Continues the beggar they neighbor policies that Paulson pushed.

>   
>   This is the sort of thing that provides political cover for Fed Chairman Ben
>   Bernanke to pursue a more aggressive quantitative easing policy.
>   

Yes, of course he doesn’t matter for anything of consequence, but that’s another story.

>   
>   Romer, who is chair of the Council of Economic Advisors, praised FDR’s
>   1933 decision to allow the gold price to float up from $20.63/oz. to
>   $34.85/oz.
>   

Yes, should have floated it entirely.

Back then, the gold standard constrained even the US Treasury from borrowing.

We don’t have that issue, so moving the USD down for that reason is moot.

>   
>   That decision offers a template for what the Fed could do today, she said
>   (italics mine):
>   
>   This monetary expansion [in the wake of the 1933 devaluation] couldn’t
>   lower nominal interest rates because they were already near zero. What it
>   could do was break expectations of deflation.
>   

That pesky, ridiculous, ‘inflation expectations theory’ again!

>   
>   Prices had fallen 25% between 1929 and 1933. People throughout the
>   economy expected this deflation to continue. As a result, the real cost of
>   borrowing and investing was exceedingly high.
>   

Expectations had nothing to do with it. Lack of aggregate demand did. And the Treasury was revenue constrained due to the gold standard.

>   
>   Consumers and businesses wanted to sit on any cash they had because
>   they expected its real purchasing power to increase as prices fell.
>   

Not the reason. When on a gold standard, a rising value of gold is expressed by falling prices for everything else as gold is fixed.
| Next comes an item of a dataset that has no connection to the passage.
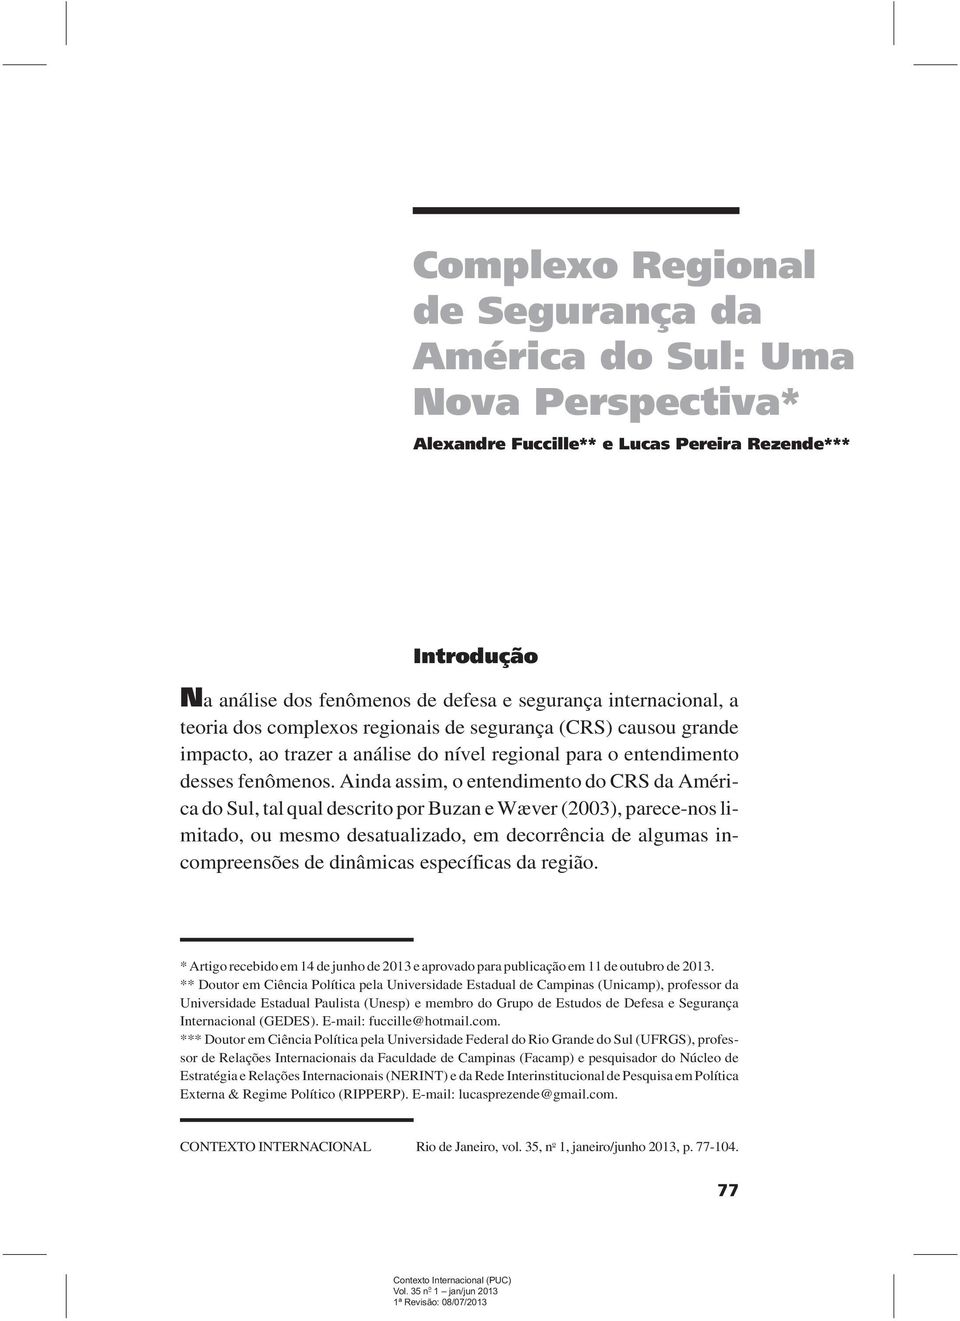 Ainda assim, o entendimento do CRS da América do Sul, tal qual descrito por Buzan e Wæver (2003), parece-nos limitado, ou mesmo desatualizado, em decorrência de algumas incompreensões de dinâmicas

Hence the revaluation upward of the price of gold which was a devaluation of the dollar. (Dollar buys less gold)

>   
>   Devaluation followed by rapid monetary expansion broke this deflationary
>   spiral. Expectations of rapid deflation were replaced by expectations of
>   price stability or even some inflation. This change in
>   expectations brought real interest rates down dramatically.
>   

No, deficit spending supported demand and broke the deflation.

>   
>   The change in the real cost of borrowing and investing appears to have had
>   a beneficial impact on consumer and firm behavior. The first thing that
>   turned around was interest-sensitive spending. For example, car sales
>   surged in the summer of 1933. One sign that lower real interest rates were
>   crucial is that real fixed investment and consumer spending on durables
>   both rose dramatically between 1933 and 1934, while consumer spending
>   on services barely budged.
>   

Must have been something else going on.

>   
>   Romer’s analysis of the Roosevelt devaluation parallels Bernanke’s almost
>   exactly.
>   

Comforting!

>   
>   Bernanke also has written that loose monetary policy was the key to the
>   economic recovery of 1933-34. Further on in her speech, Romer cautions
>   against letting up on stimulative measures too quickly, lest the economy
>   plunge back into recession, such as happened to the U.S. in 1937.
>   

In 1937 there was a new whopping social security tax that was ‘off budget’ and sent the economy into a tailspin as it drained billions of financial assets from the private sector.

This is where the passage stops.